Gramsci's concepts allow scholars to transcend some of the current debates dividing the field of international relations (IR) while preserving the insights of the major traditions, whether ‘realist’ or ‘idealist’, ‘structural’, or ‘historical’, at the same time that they help us break the habit of reifying the nation-state by turning our attention toward the deeper sources of social continuity and change. This paper discusses these benefits of employing Gramsci's insights and illustrates them with conclusions from a study of American foreign policy toward the Third World in the Reagan and Bush era.
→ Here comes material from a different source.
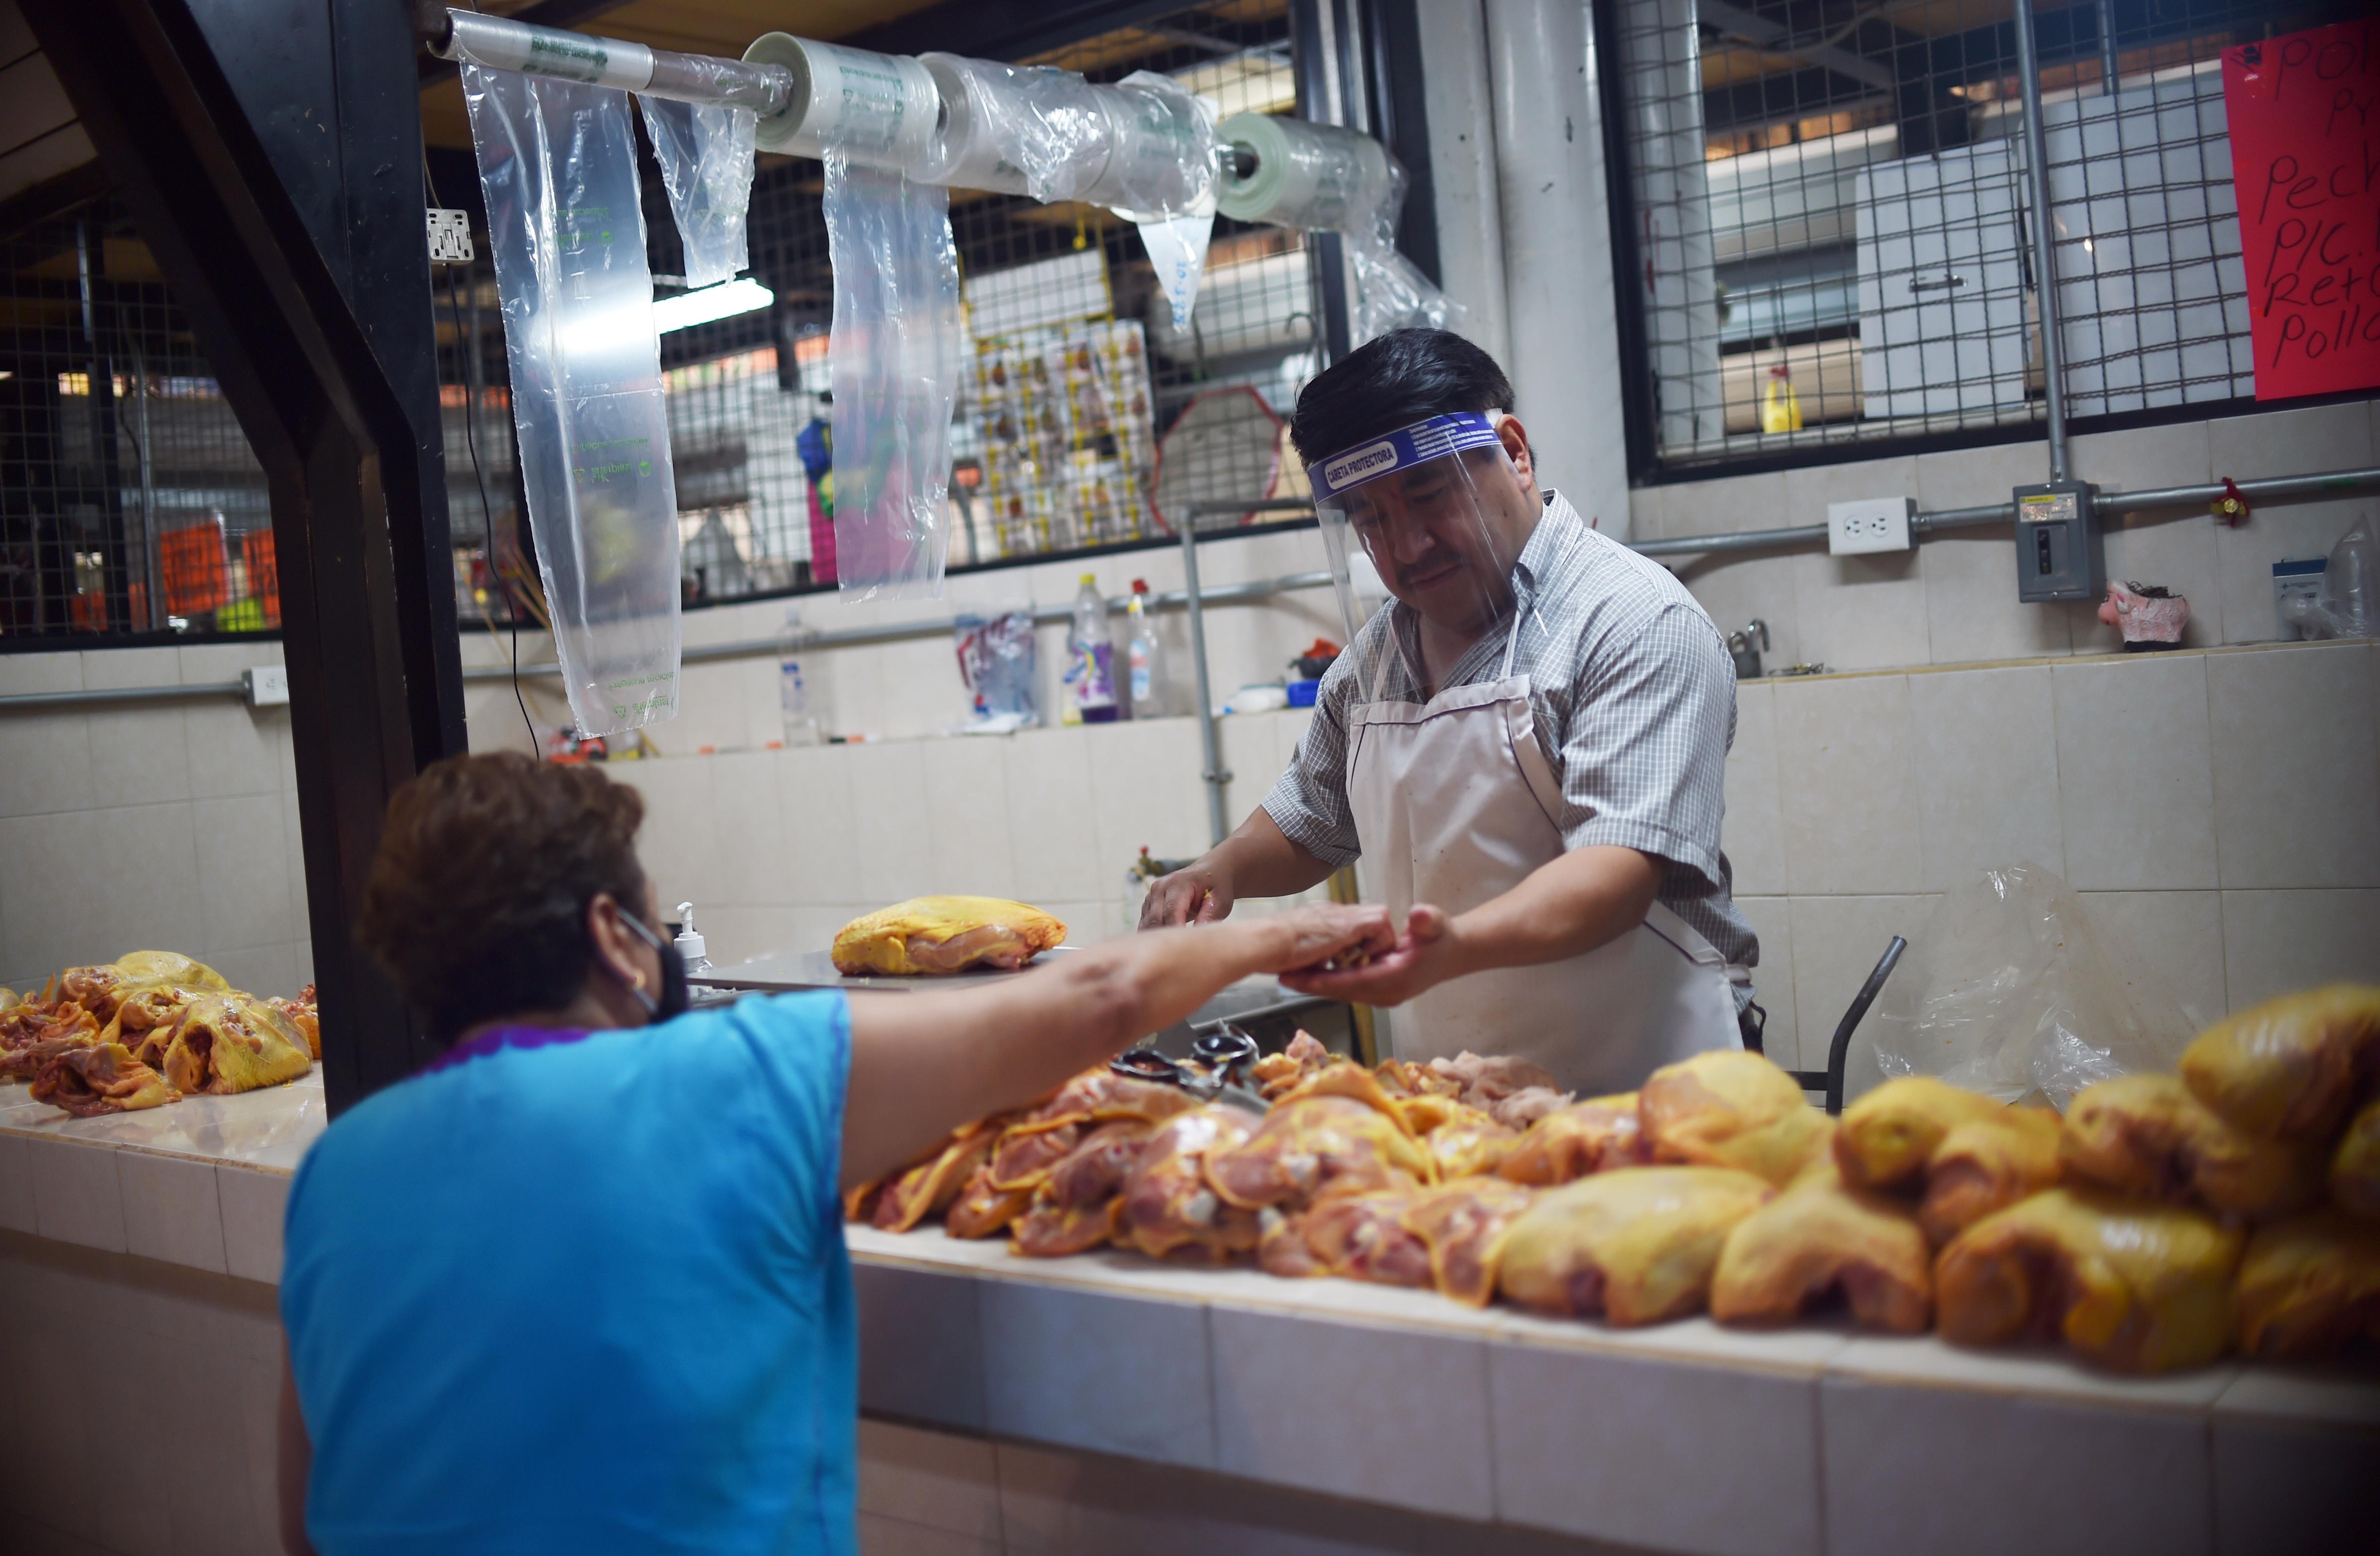 Un vendedor de pollo atiende a un cliente en un mercado popular en la Ciudad de México el 29 de junio de 2020. (Foto: RODRIGO ARANGUA / AFP)

GRAMSCI'S CONCEPTS AND INTERNATIONAL RELATIONS
The field of international relations studies the consolidation of power over large populations and territories in a world of multiple, territorially separate, power centres. Gramsci's concern in his investigations of ‘hegemony’ and the broader notion of ‘supremacy’ was also to understand the dynamics of the consolidation of power, including those dynamics in international relations. Thus, in his commentary on the history of modern Italy, Gramsci is able to treat both the Renaissance state system and politics within the twentieth-century state within the same framework and with the same concepts.
We see Gramsci's sociology of power as beginning with the distinction between rule by ‘force’ and rule through ‘consensus’, borrowed from Machiavelli.